Input data section start
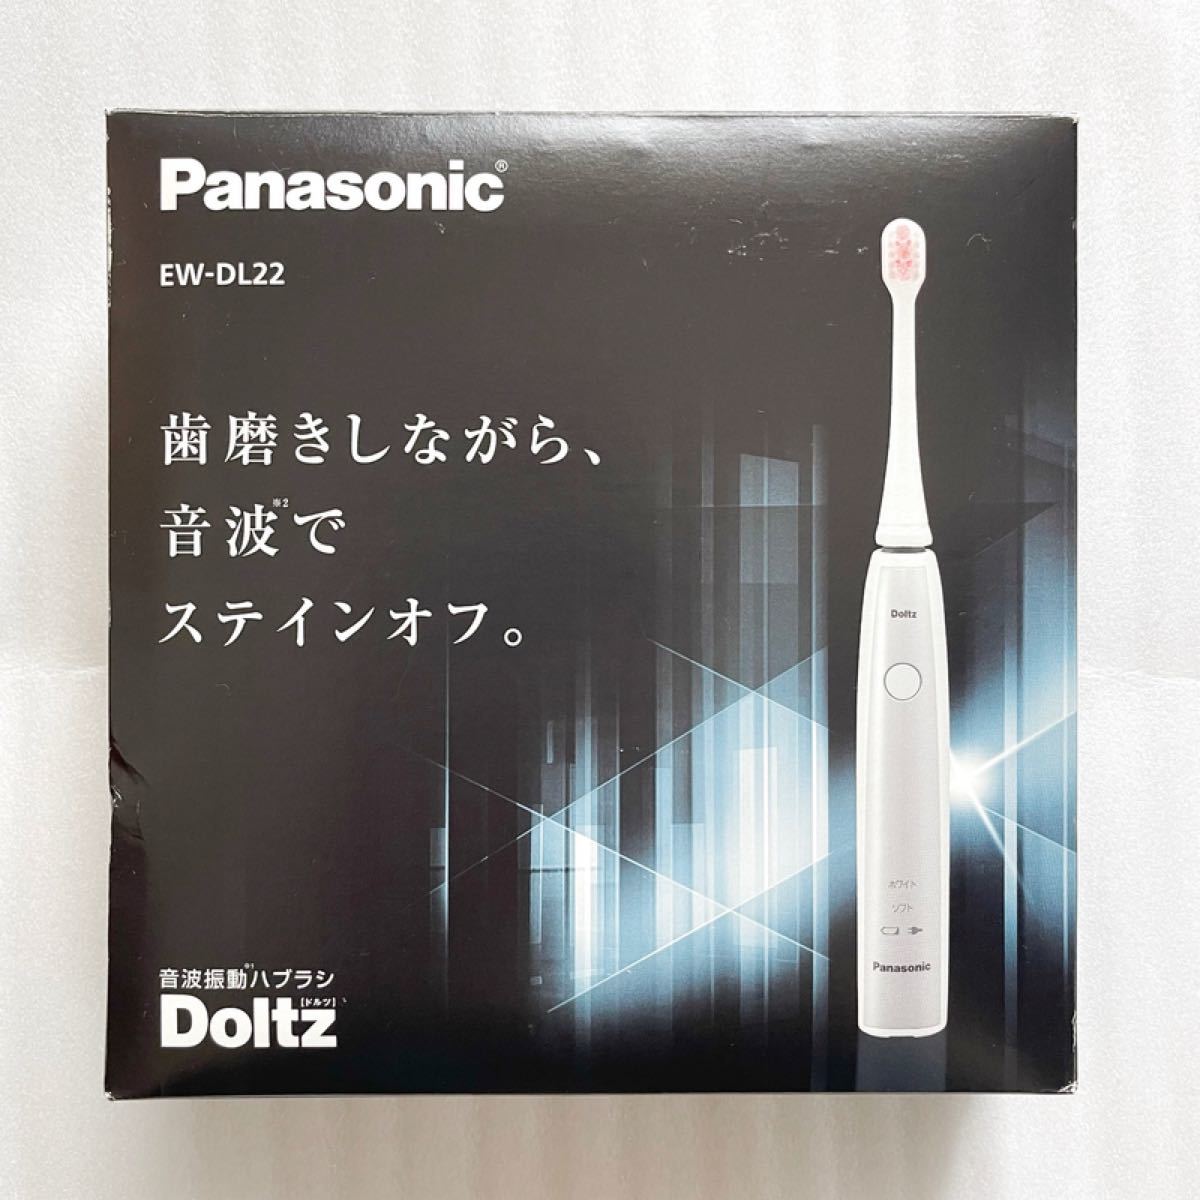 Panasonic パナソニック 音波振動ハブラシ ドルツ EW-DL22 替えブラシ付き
Input data section end
Input data section start
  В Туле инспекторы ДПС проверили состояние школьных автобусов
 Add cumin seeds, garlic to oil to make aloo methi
Input data section end
Input data section start
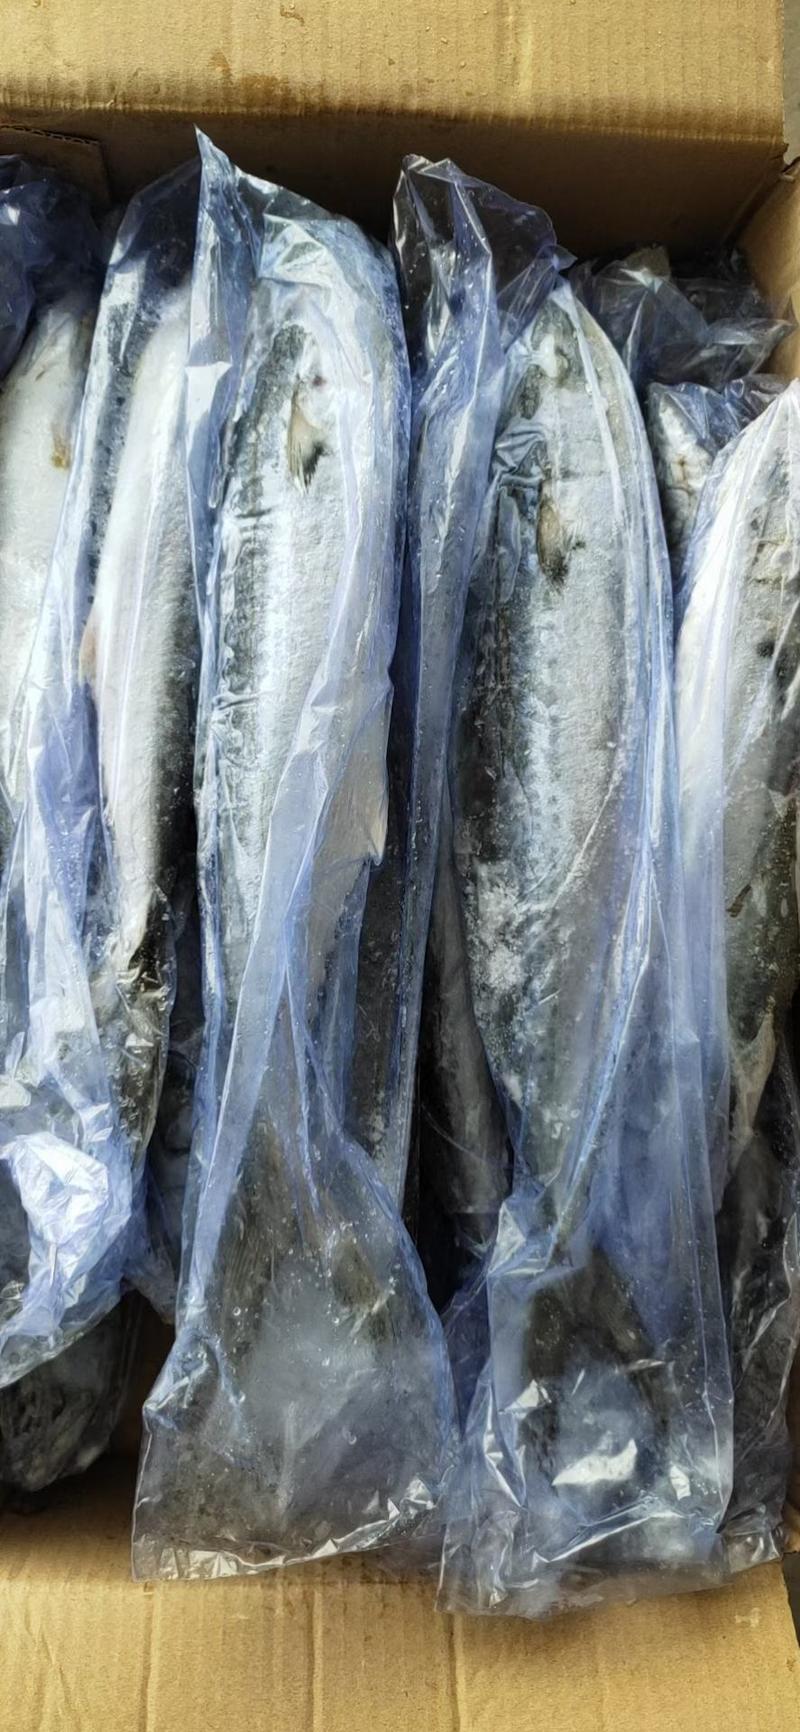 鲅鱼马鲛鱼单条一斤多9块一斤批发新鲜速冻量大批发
Input data section end
= Try it =
Taking the records above, retype every line from the one with "В Туле инспекторы" down to the one with "Add cumin seeds, garlic", exactly and with nothing else.

= Output of the task =
  В Туле инспекторы ДПС проверили состояние школьных автобусов
 Add cumin seeds, garlic to oil to make aloo methi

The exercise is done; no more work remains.